Using the data below, set down every line from the one containing "Les coûts relatifs" through the one containing "Chi c'è al Singapore Yacht Show?", inclusive and unchanged. Pictures are to be skipped.

## Given data

+ + + + + + +

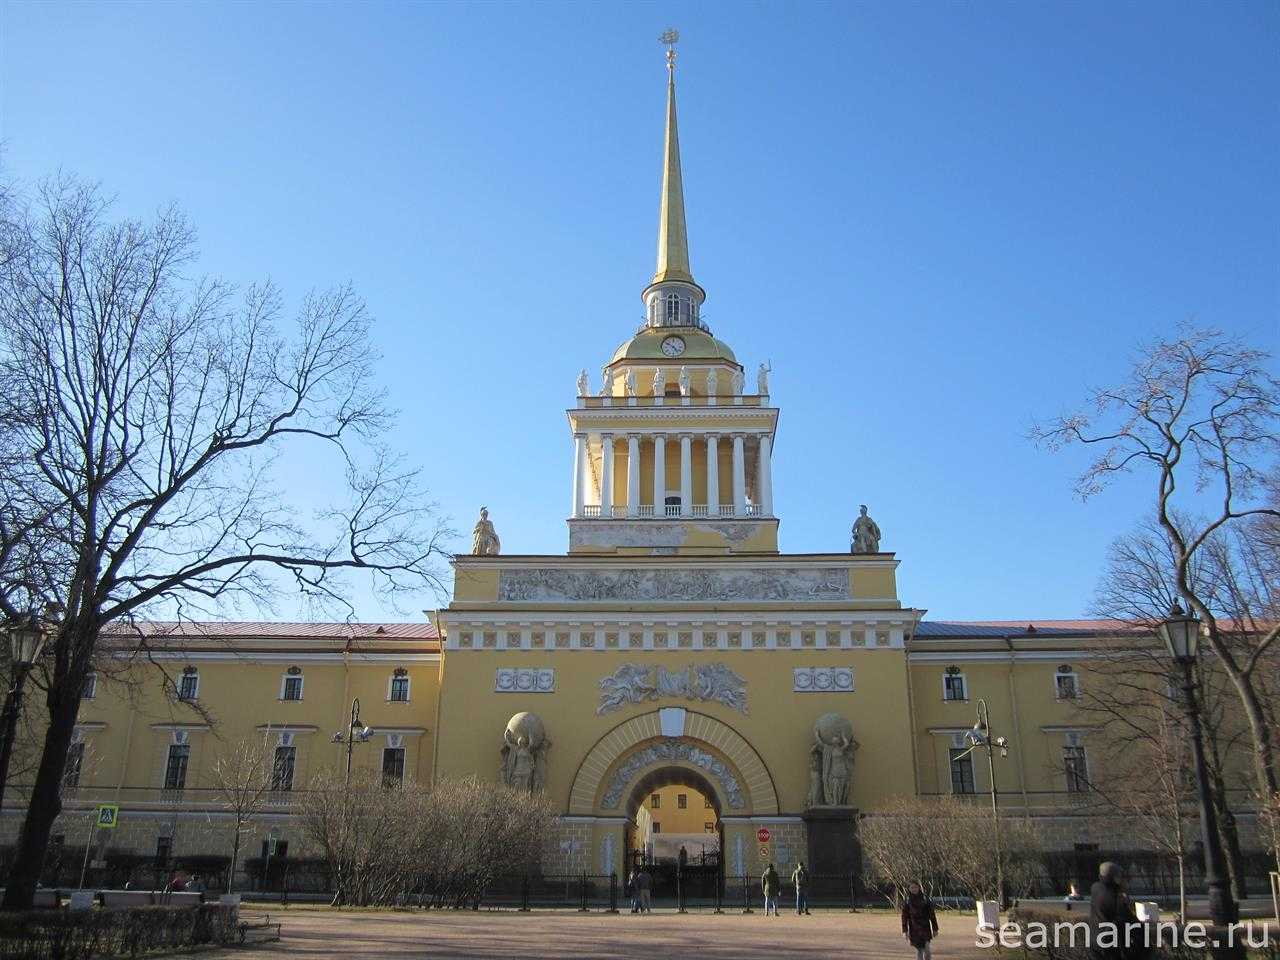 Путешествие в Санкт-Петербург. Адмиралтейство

+ + + + + + +

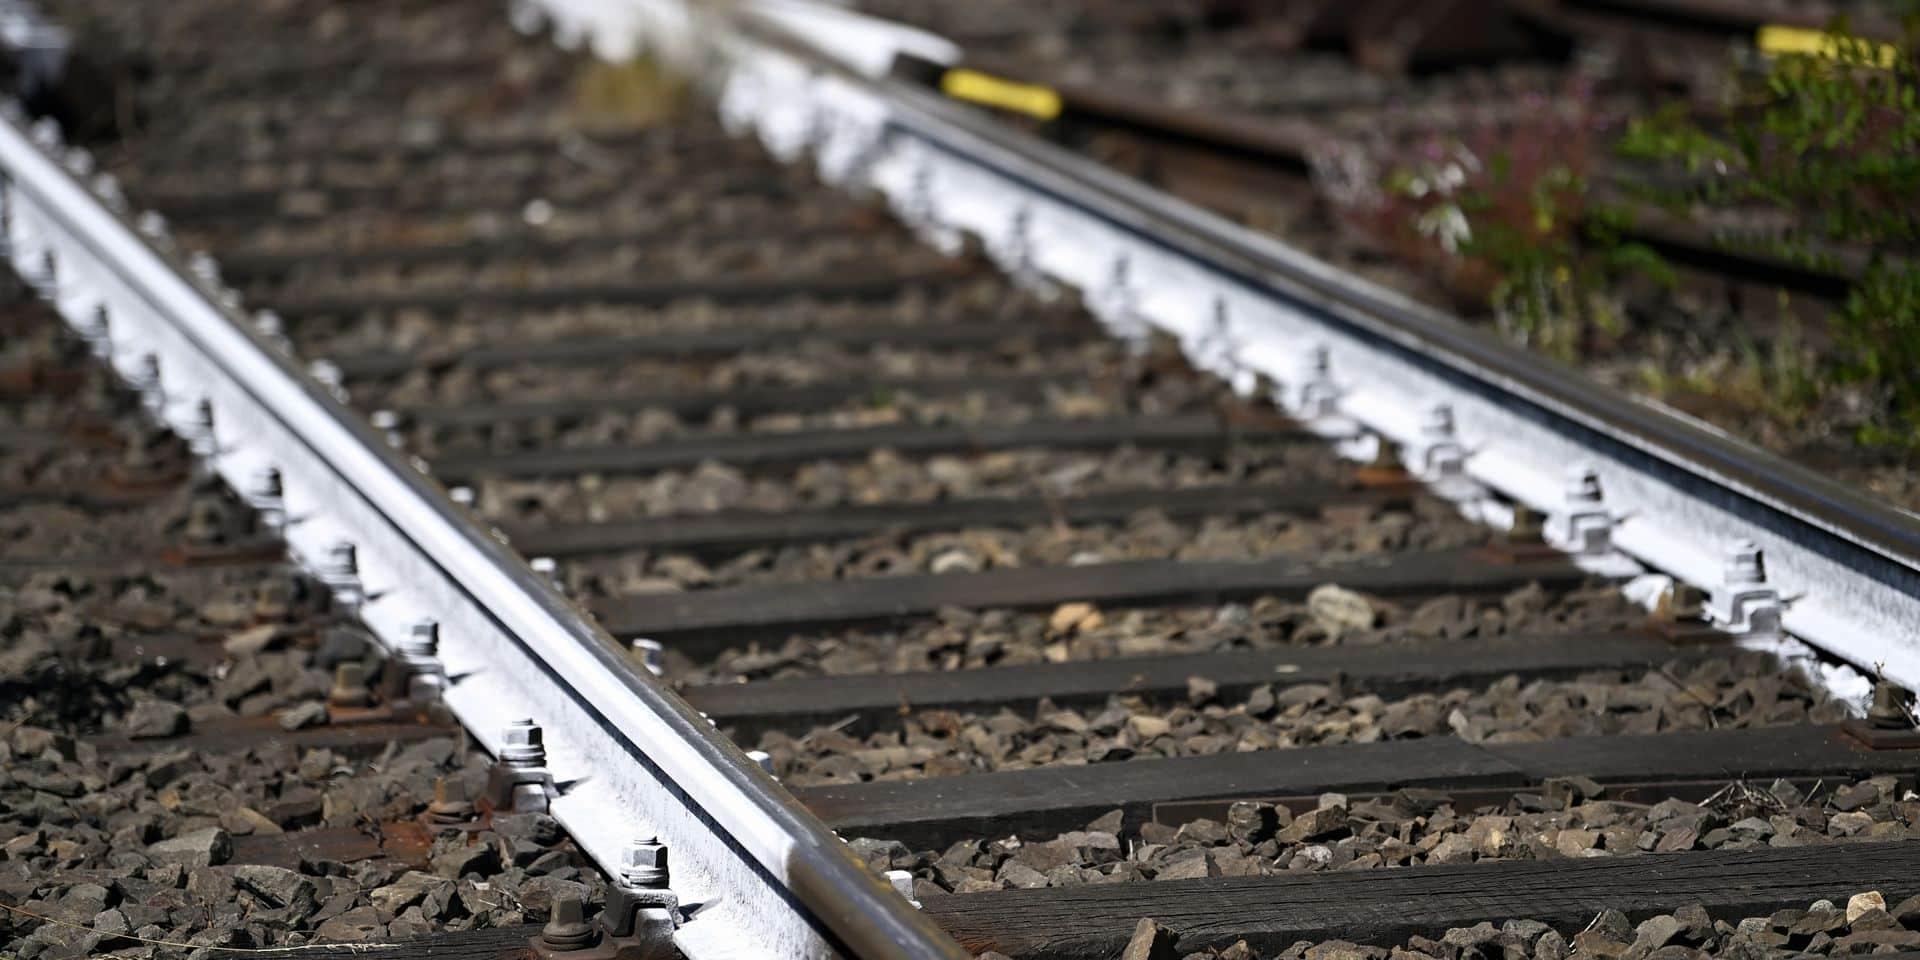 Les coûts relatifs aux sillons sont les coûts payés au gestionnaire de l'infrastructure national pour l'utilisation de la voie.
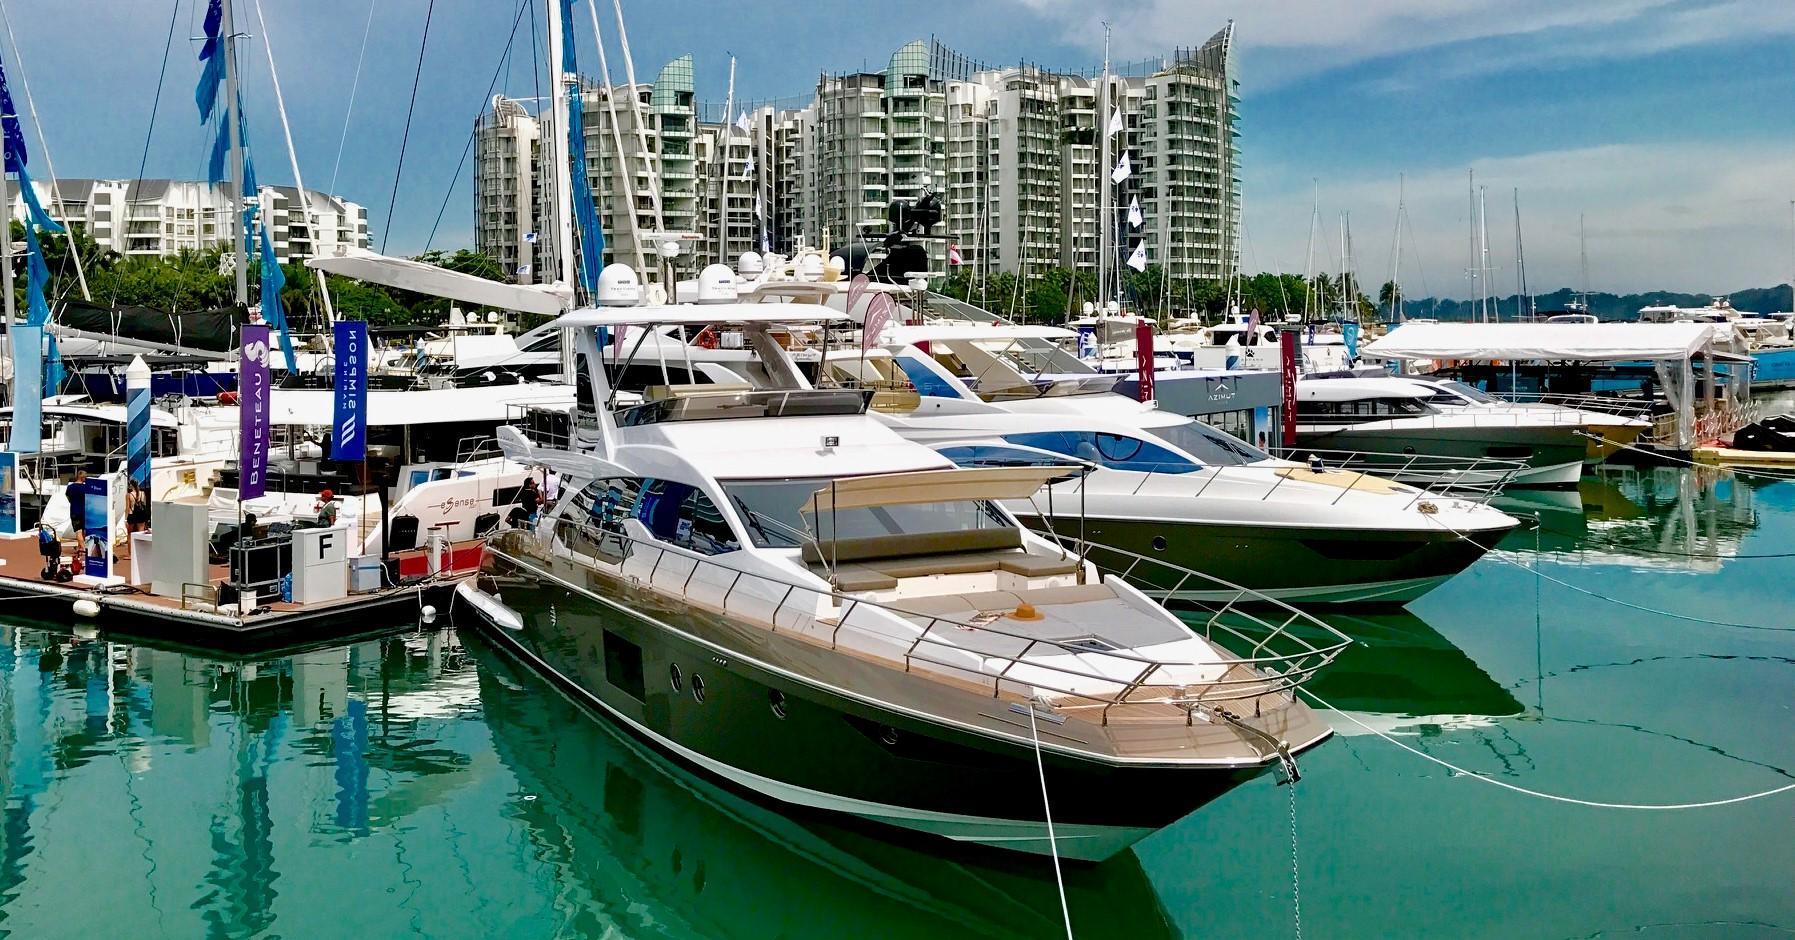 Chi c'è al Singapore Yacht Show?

+ + + + + + +

## Reply to the exercise
 Les coûts relatifs aux sillons sont les coûts payés au gestionnaire de l'infrastructure national pour l'utilisation de la voie.
 Chi c'è al Singapore Yacht Show?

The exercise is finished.